General Shaw shook his hand warmly.
“Hello Joe, have you met Scott Tafler?”
“Ah, the author of operation Guillotine, has Henry here relayed my worries about it?” the CSA asked him.
Scott nodded.
“I knew nothing about Grease Spot, scary as hell… the General only mentioned that the after effects of that, combined with this new operation… and what the reds have been doing, is going to stay with us for a while.”
“I… knew nothing about Grease Spot either, until after the convoys were at sea. Using nuclear weapons in our environment is insanity, using them in the Atlantic… in the Gulf Stream at that… we may be left with a world where our grandchildren will believe that it was better had we surrendered.” The CSA was shaking his head from side to side as he spoke, it was clear to Scott that he was deeply perturbed.
Scott wanted to know more.
“Could it have a lasting impact, do you think?”
“There is no could about it young man, the next winter will arrive early and overstay its welcome. Take a look at a satellite photo of the Atlantic since the weapons detonated that is if the cloud cover clears… which may not be for weeks or months. There will probably be no summer worth speaking of this year. Millions of gallons of water were evaporated and flung into the stratosphere; millions of tons of silt were churned up. If you saw the Atlantic, it would be more brown than blue from space. I have no idea what that will do to the Gulf Stream… if, God forbidden, it has stopped its flow, then we will see a return of the glaciers, a new ice age.” He poured a coffee for himself before continuing. “Harvests all over the world are going to be affected by all these bombs going off, the dust is going to block sunlight and lower temperatures. It could be good news for the disappearing ice caps, but that is all!”
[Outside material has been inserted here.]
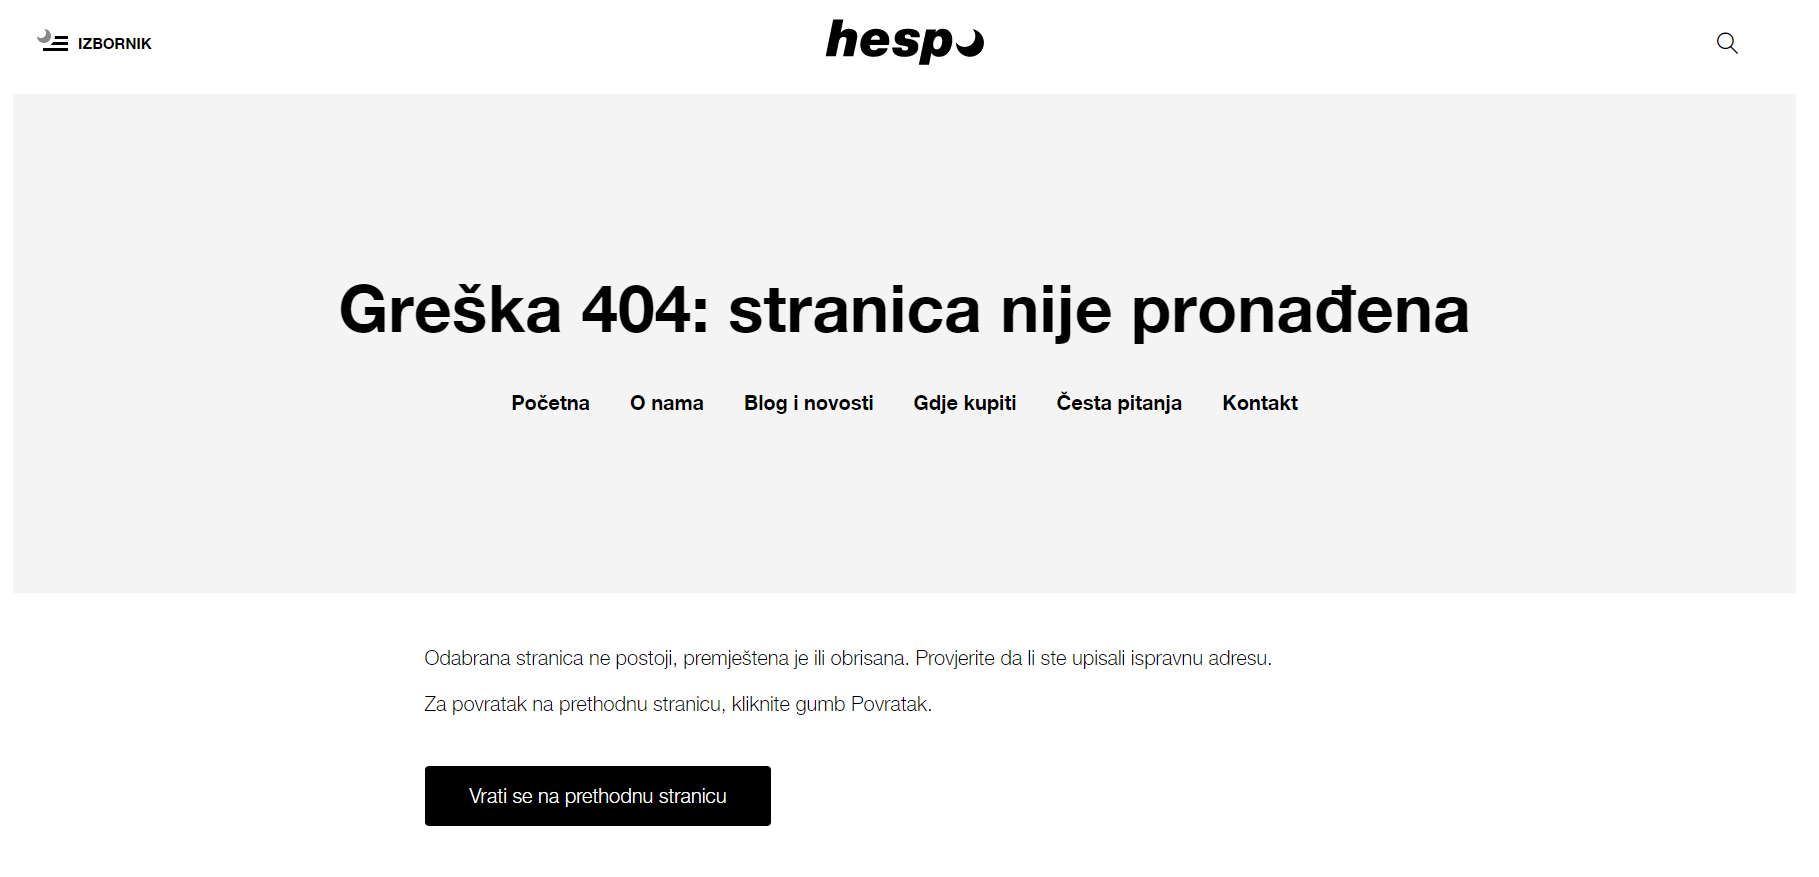 Stranica 404 Hespo

It was very overcast outside, as it had been in Scotland the day after Grease Spot. And as Scott thought about it, he got a sick feeling in his stomach because he was about to add to whatever lasting damage had been done.
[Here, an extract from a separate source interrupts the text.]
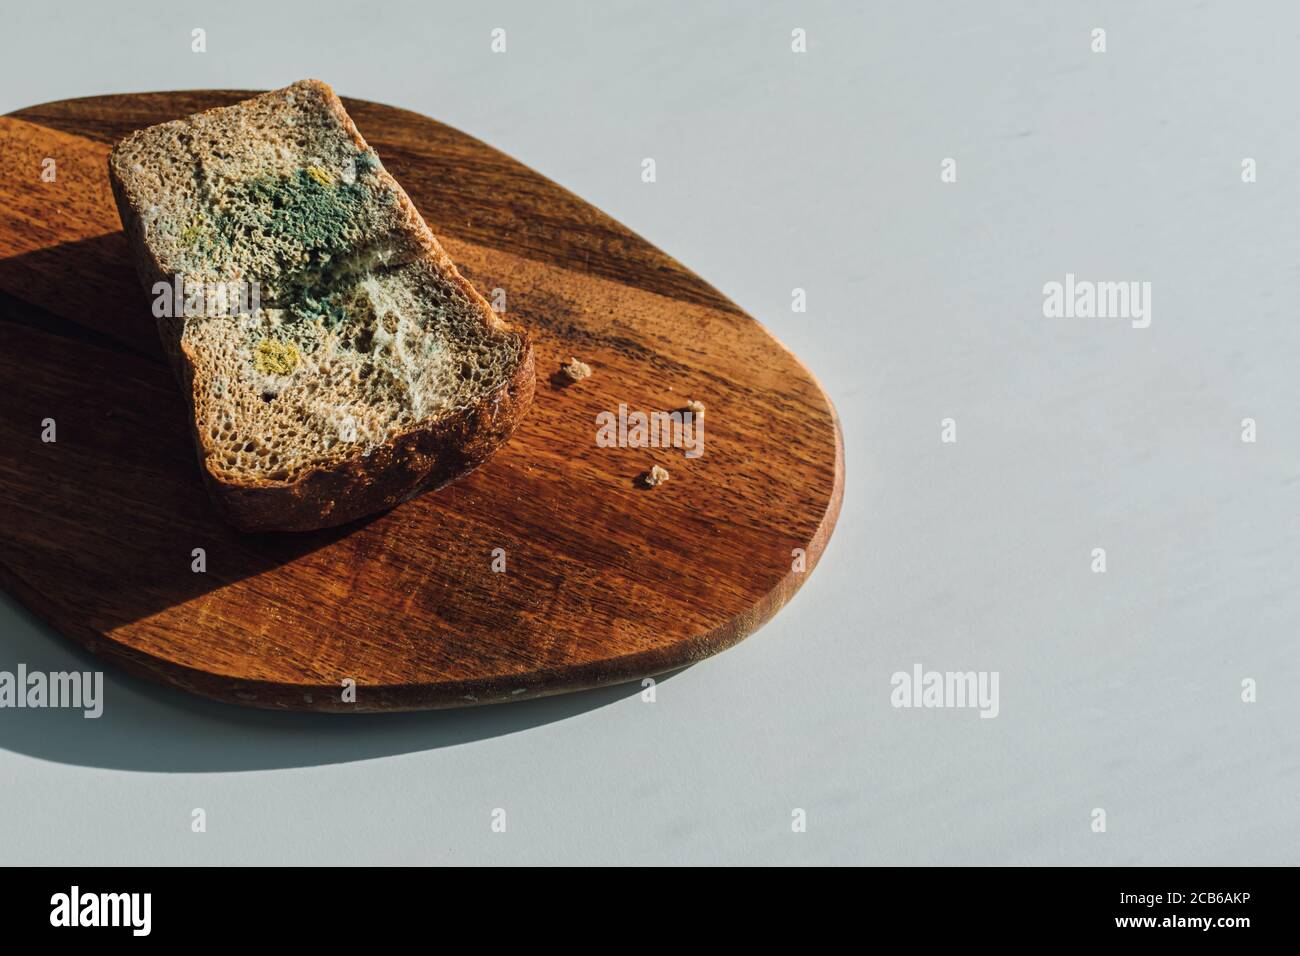 Molde sobre pan, un trozo de pan de centeno con molde blanco y verde sobre una tabla de madera. La fecha de mejor antes ha caducado. Foto de stock

His plan to take out the Russian leader had been put on hold until a workable plan came along to either eliminate the Chinese politburo, and their ICBMs.
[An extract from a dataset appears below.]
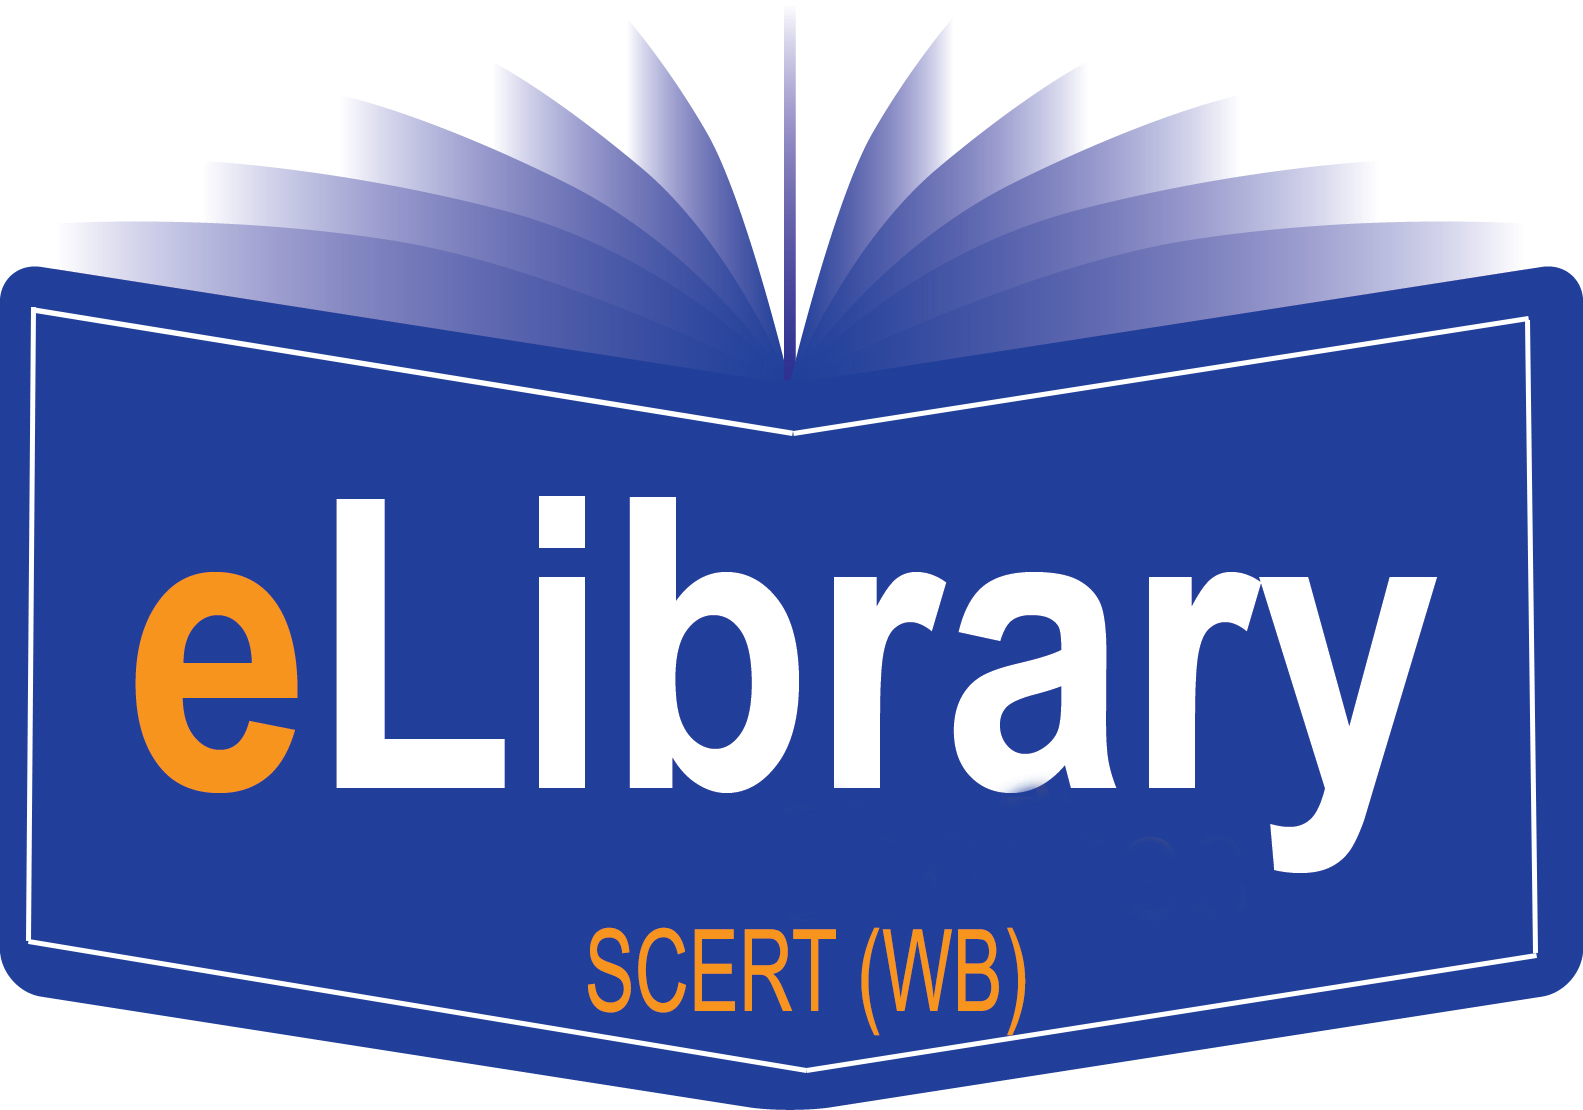 SCERT logo

The door opened and a secret service agent called them through, but the President was no longer in the war room. General Shaw and Scott followed the agent down another corridor and into what had probably once been a dining room for senior air force officers. It was large enough for a dozen people to sit in more comfort than any of the other rooms, and was now occupied by the President and six men with darkly handsome Asian looks; two were obviously from Southeast Asia.
All were in civilian clothes but two had military bearing and the President stood to make the introductions, but he introduced Scott as being an ‘aide’. Henry Shaw had met both of the soldiers at some time in the past, Lt Gen Rajendra Singh of the Indian Army and Lt Gen Jehangir Khan of the Pakistan Army. Henry knew also which branches of the military they represented, rocket artillery, but what surprised him was that they were both in the same room together, both countries were quite bitter enemies.